On Thu, Jan 21, 2016 at 10:21 PM, Thomas Weise <[email protected]>
wrote:

> Makes sense. Let's keep the basic WAL infrastructure and patterns on top of
> it separate.
>
>
> On Thu, Jan 21, 2016 at 8:48 AM, Tushar Gosavi <[email protected]>
> wrote:
>
> > Hi Chandni,
> >
> > There is no change in plan, I will be working on basic WAL
> infrastructure.
> > I have not discussed about how to implement WindowDataManager using WAL,
> > I know that you will be working on it.
> >
> > This mail is for declaring interface for Write Ahead Log and File System
> > based
> > implementations for Write Ahead Log. The Classes I will be adding are
> > - WALReader - interface
> > - WALWriter - interface
> > - FSWALReader - Implementation of WALReader which writes to FS.
> > - FSWALWriter - Implementation of WALWriter which writes to FS.
> > - RollingFSWALReader - Implementation
> > - RollingFSWALWriter - Implementation
> > - WALManager - Interface.
> > - AbstractWALManager - Which is abstracted out functionality of
> WALManager
> > in HDHT.
> >
> > RecoverableOperator is not for idempotency, It is an abstracted out
> pattern
> > for the
> > operator like HDHT. It can added later if it is a common pattern.
> >
> > - Tushar.
> >
> > On Thu, Jan 21, 2016 at 6:07 PM, Chandni Singh <[email protected]>
> > wrote:
> >
> > > Hi Tushar,
> > > I thought the plan was to change WindowDataManager to use WAL once WAL
> is
> > > added to Malhar. I don't know when did this plan change.
> > >
> > > There is already a ticket created for it and I was going to work on it
> > once
> > > WAL is moved to Malhar.
> > >
> > > https://datatorrent.atlassian.net/browse/SPOI-7116
> > >
> > > Also a related discussion happened here:
> > >
> > >
> > >
> >
> http://mail-archives.apache.org/mod_mbox/apex-dev/201511.mbox/%3ccakabfbma3rtg-uv7h8ao_cfz3nr4u8qpkbjmueggmrtge2h...@mail.gmail.com%3E
> > >
> > > I don't think we should add another utility which does what
> > > WindowDataManager does because
> > >
> > > 1. Duplicate utilities which try to achieve the same thing.
> > >
> > > 2. A bigger impact on operators that already work with
> WindowDataManager.
> > > This will make them backward incompatible as well.
> > >
> > > 3. IMO creating an abstract RecoverableOperator is not a flexible
> design.
> > > Idempotency entails higher cost. When it is a pluggable component of
> the
> > > operator, user has a choice to turn it off by setting NOOP data manager
> > > when they don't care about idempotency.
> > >
> > > 4. IMO it is always better to enhance/change existing components
> instead
> > of
> > > adding new ones which are used for the same purpose.
> > >
> > > Thanks,
> > >
> > > Chandni
> > > On Jan 21, 2016 3:06 PM, "Tushar Gosavi" <[email protected]>
> wrote:
> > >
> > > > Hi All,
> > > > We am planing to add Utility classes in Malhar for providing Write
> > Ahead
> > > > Log capability to the operators.
> > > >
> > > > Motivation:
> > > > Reconstructing state of operator - Some operators keep huge state in
> > > > memory, which causes check-pointing overhead and slows down
> > > > the processing if checkpoints are happening frequently. Such operator
> > can
> > > > benefit by keeping in memory state as transient and allow
> > > > reconstructing of state from the stored tuples. The operator will
> write
> > > > tuples as they are arriving in the WAL and will process them.

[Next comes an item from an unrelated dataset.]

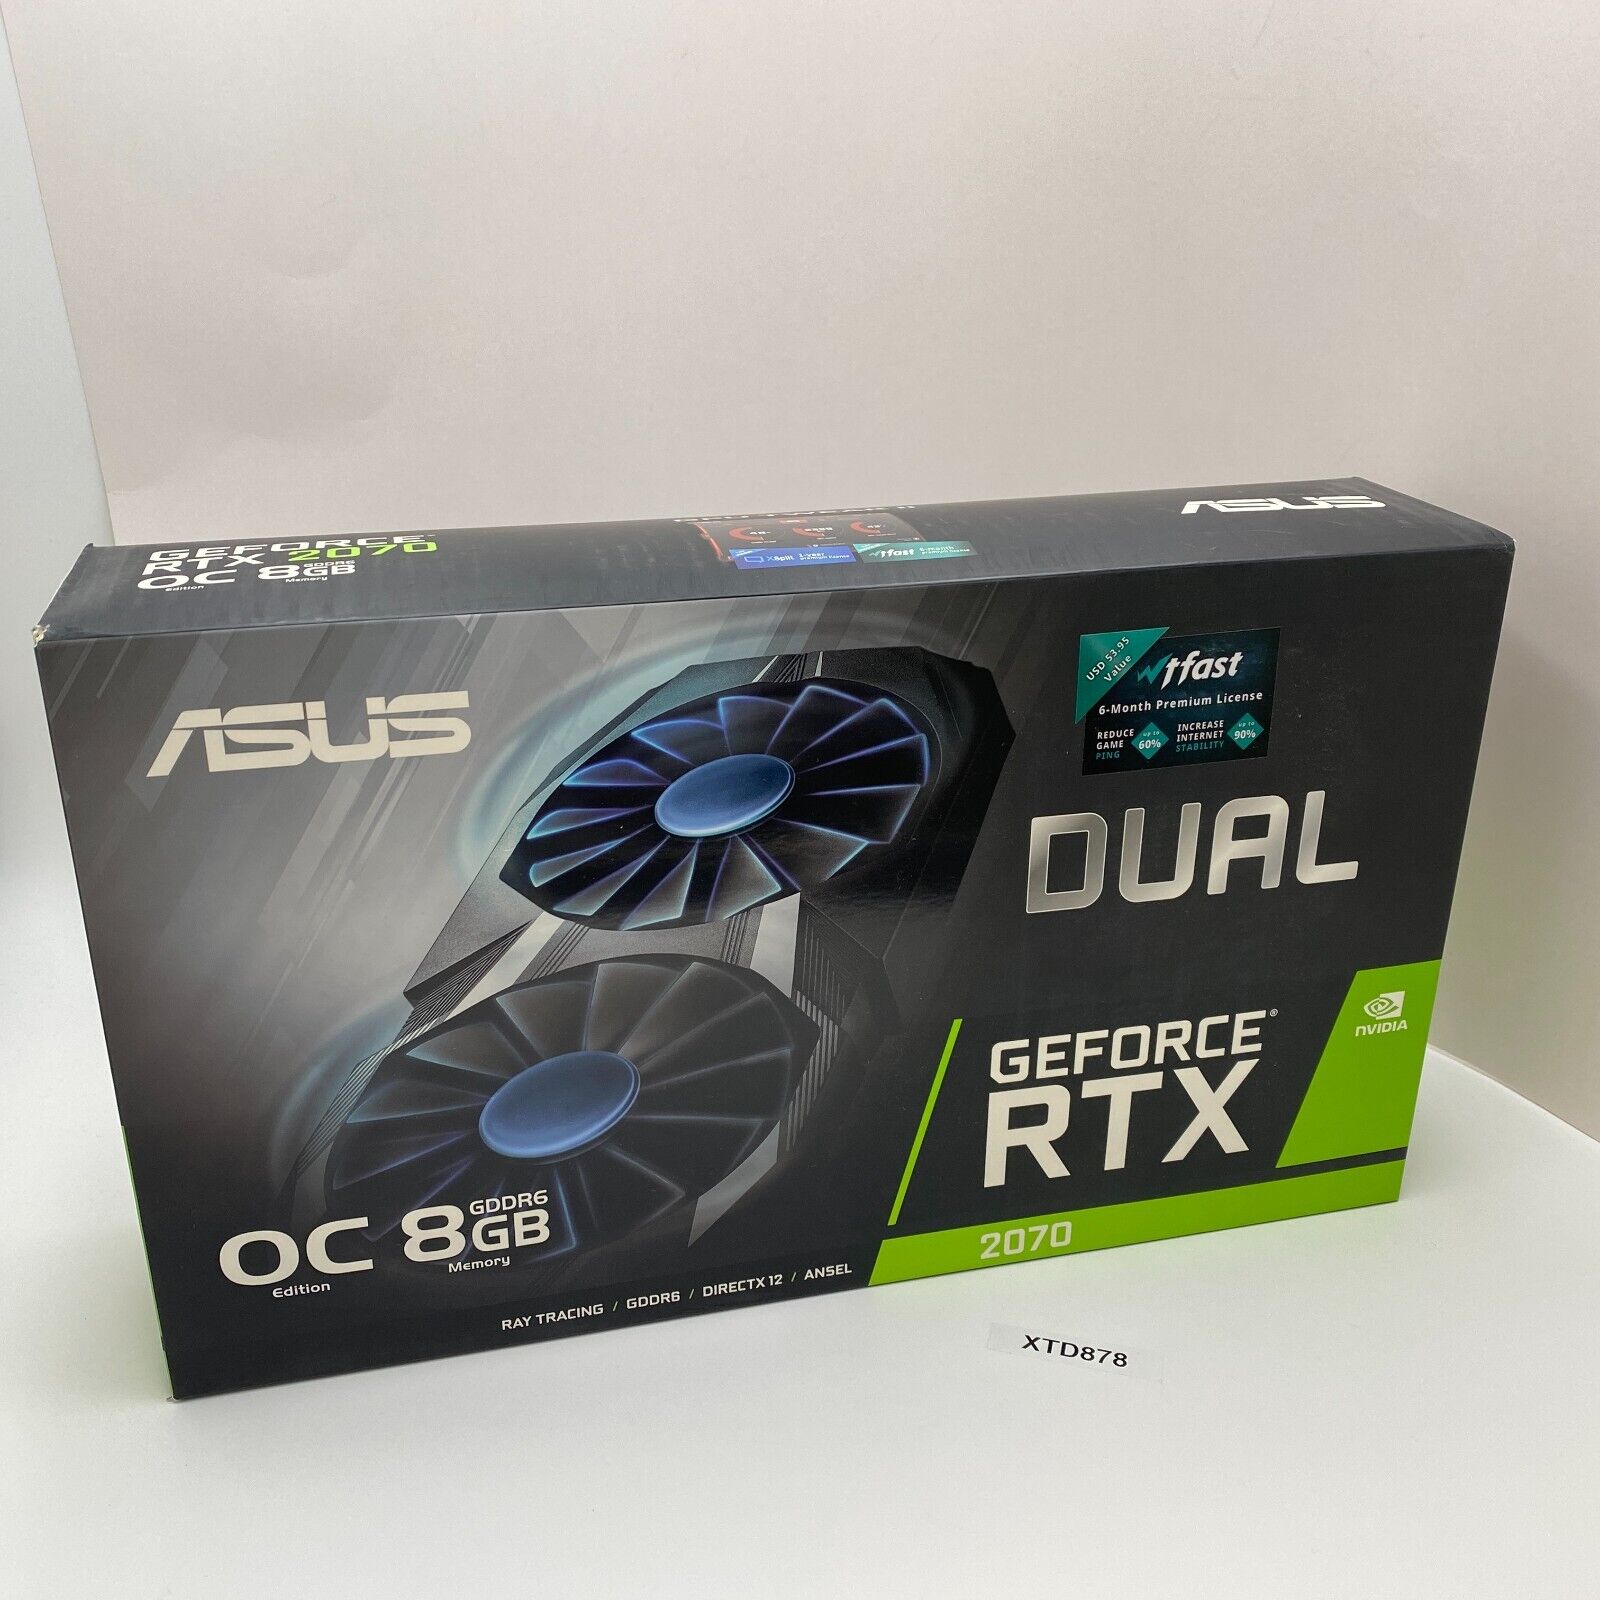 ASUS DUAL GeForce RTX 2070 OC Graphics Card DUAL-RTX2070-O8G - Good Condition

> > > > During recovery of operator the tuples from WAL is read back to
> > > reconstruct
> > > > the in-memory state. (The processing of tuples needs to be
> idempotent).
> > > >
> > > > The operator which maintain their state on file system will also
> > benefit
> > > > from this, as they do not have to update persisted state frequently.
> > They
> > > > could update persistent state after enough data is available in
> memory
> > > and
> > > > apply that data to persistent state. On failure in-memory state
> > > > will be reconstructed from the WAL.
> > > >
> > > > You can think of this functionality similar to the buffer server only
> > > > persisted on the HDFS, and operator can explicitly manage purging.
> > > >
> > > > WAL can also be used to provide implementation for WindowDataManager,
> > > which
> > > > keeps information about beginWindow, endWindow markers and
> information
> > > > about tuples between them and this information will be used to replay
> > the
> > > > tuples in same order. Using WAL will result in fewer files as compare
> > to
> > > > FSWindowDataManager.
> > > >
> > > > General Design
> > > > We will introduce two Interfaces
> > > >
> > > > WALWriter - this will have following methods
> > > >  - append : Append the data at the end of the WAL
> > > >  - getOffet : Return offset which will need to be tracked for
> recovery.
> > > >  - flush    : make sure that data is persisted on the external
> storage.
> > > >
> > > > WALReader - This will provide iterator like interface for providing
> > > access
> > > > to the WAL.
> > > >  - seek  : seek at a particular offset.
> > > >  - advance : read the entry, returns valid if entry is available
> > > >  - get : get the current entry read by advanced.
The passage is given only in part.